他看了眼初六,初六递上几锭碎银子,曲泠道:“诊金就在这儿,再多也没有了,能买什么药用什么药。我同他非亲非故,把他从水里捞上来还请大夫就已是心善了, 他活得了是他的运气,活不了,黄泉路上也怨不得旁人。”
老大夫只得作罢。
当天晚上,船出了云州城,泊在岸边时,男人就开始发起了高热。
他占了船舱里唯一的床,曲泠只得坐在椅子上将就入睡,他睡得浅,夜里就被吵醒了。曲泠面无表情地盯着男人看了半晌,男人烧得面色通红,拧紧眉头,神情有几分痛苦。
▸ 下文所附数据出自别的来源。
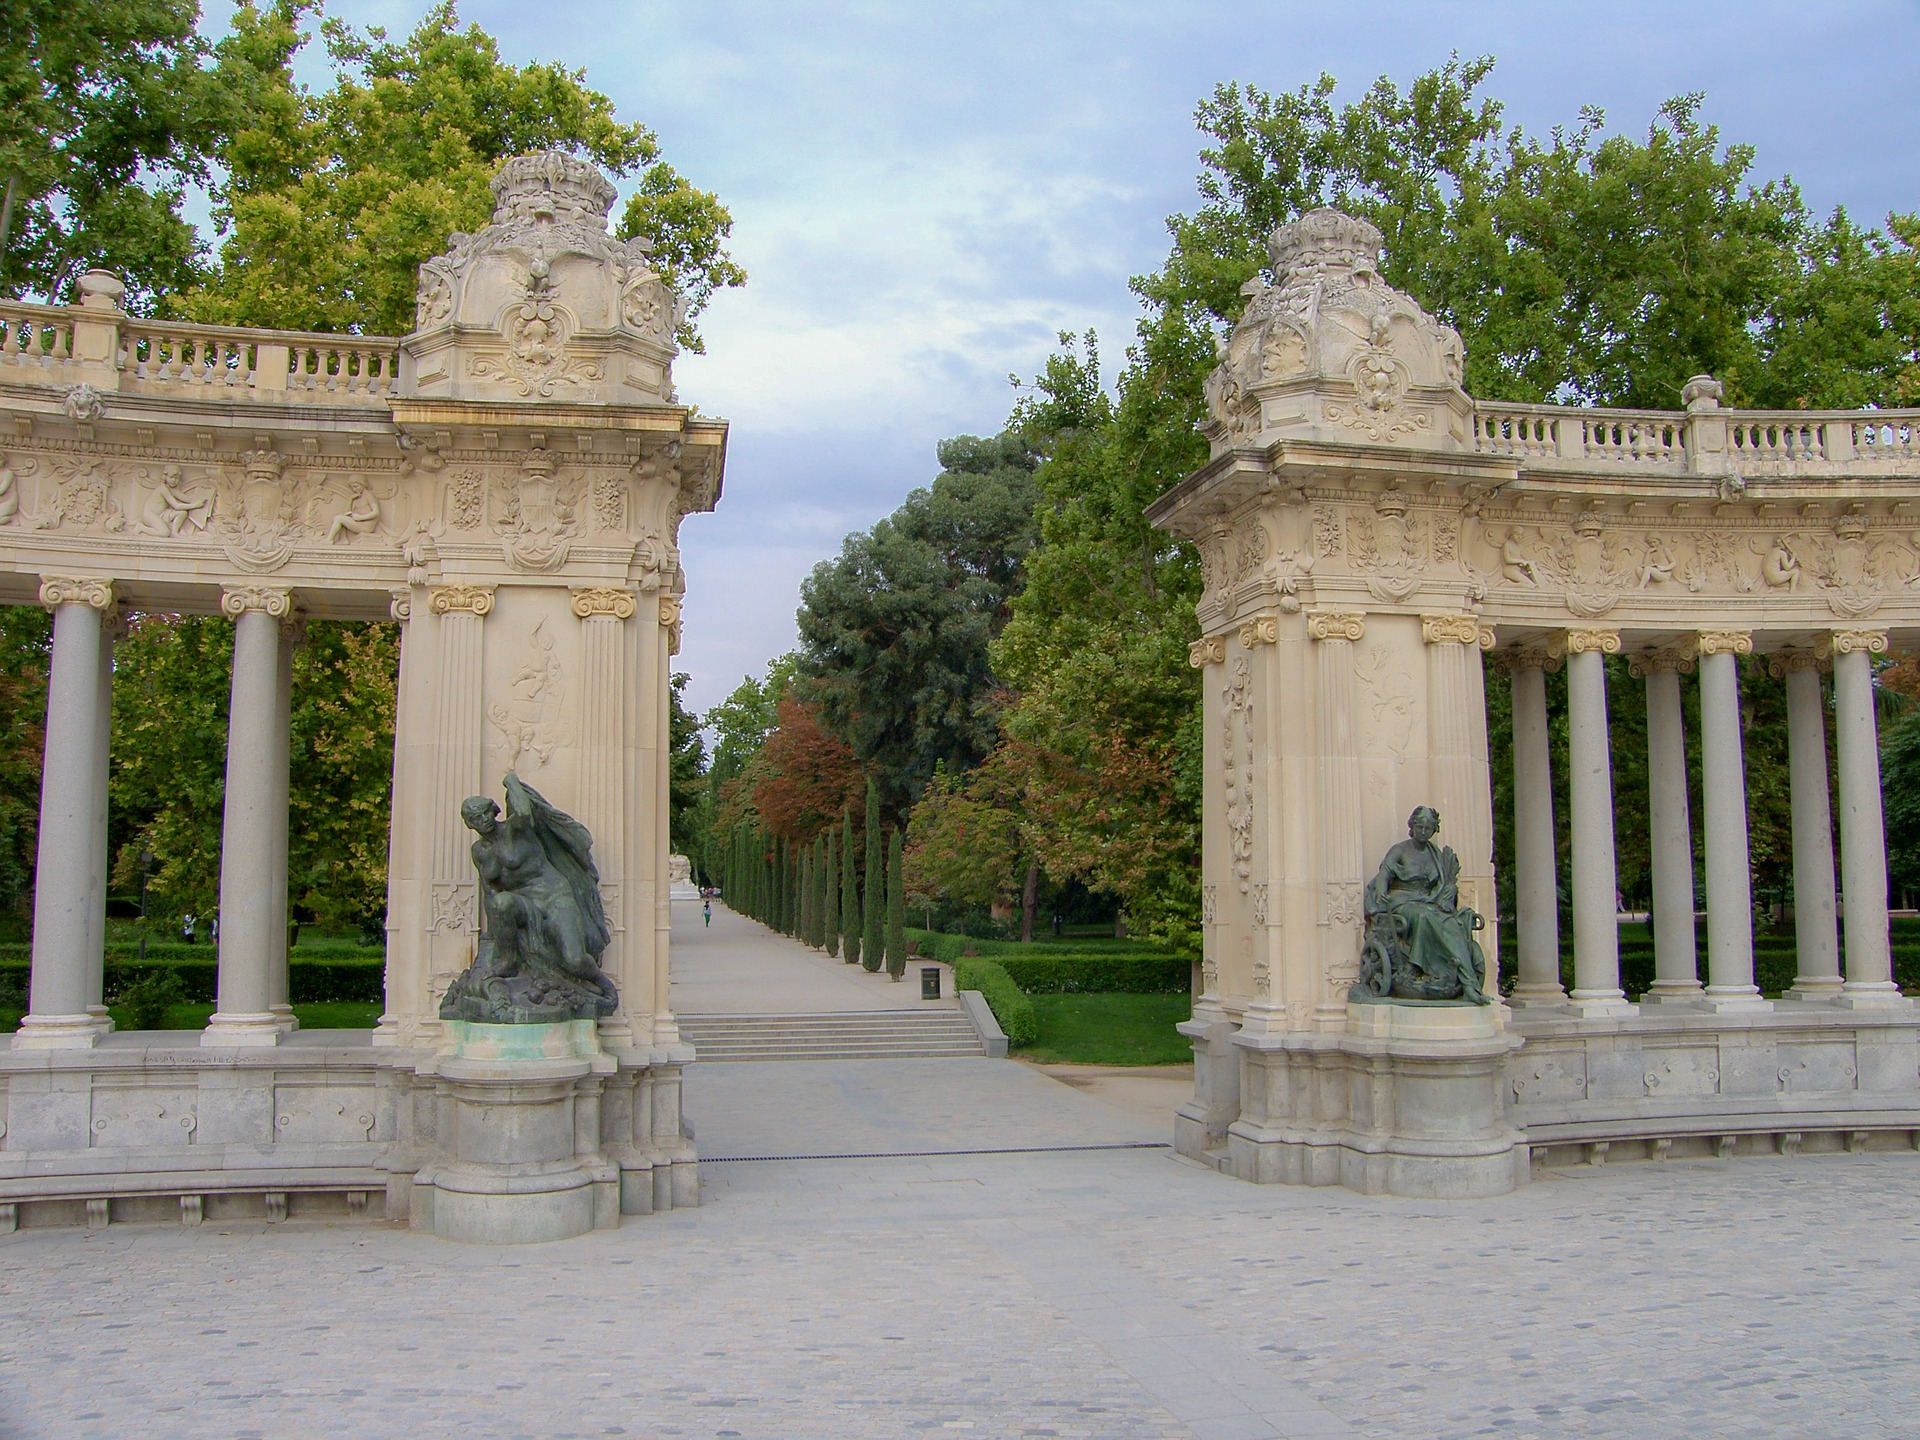 monument-177125_1920.jpg

曲泠伸手碰了碰男人额头,还未收回手,就被死死攥紧了。这人劲儿大,掌心滚烫,疼得曲泠骂了声,险些一脚踹出去,他面无表情地用力甩开男人,捂着留了几道指印的腕子,有点儿烦躁。
曲泠摸了摸怀里的玉簪,想,得,最后一次。
他想起男人的手劲,和江湖人那股子刻入骨子里的警觉,索性将初六叫醒了,直接吩咐他去照顾伤重的男人。
人是翌日傍晚才醒的。
醒来时傻愣愣的,眼神有些木讷呆滞,初六连着问了几句,男人都呆呆的。
初六说:“公子,这人是不是傻了?”
曲泠没好气道:“我怎么知道?”
早知道是个傻子,还不如不救了!
傻子是真傻了。曲泠原是打算出云州就将人丢下的,可既然醒了,人也傻着,这么丢下去,估摸着也活不了。
左右船上无聊,就将傻子留了下来,全当打发时间。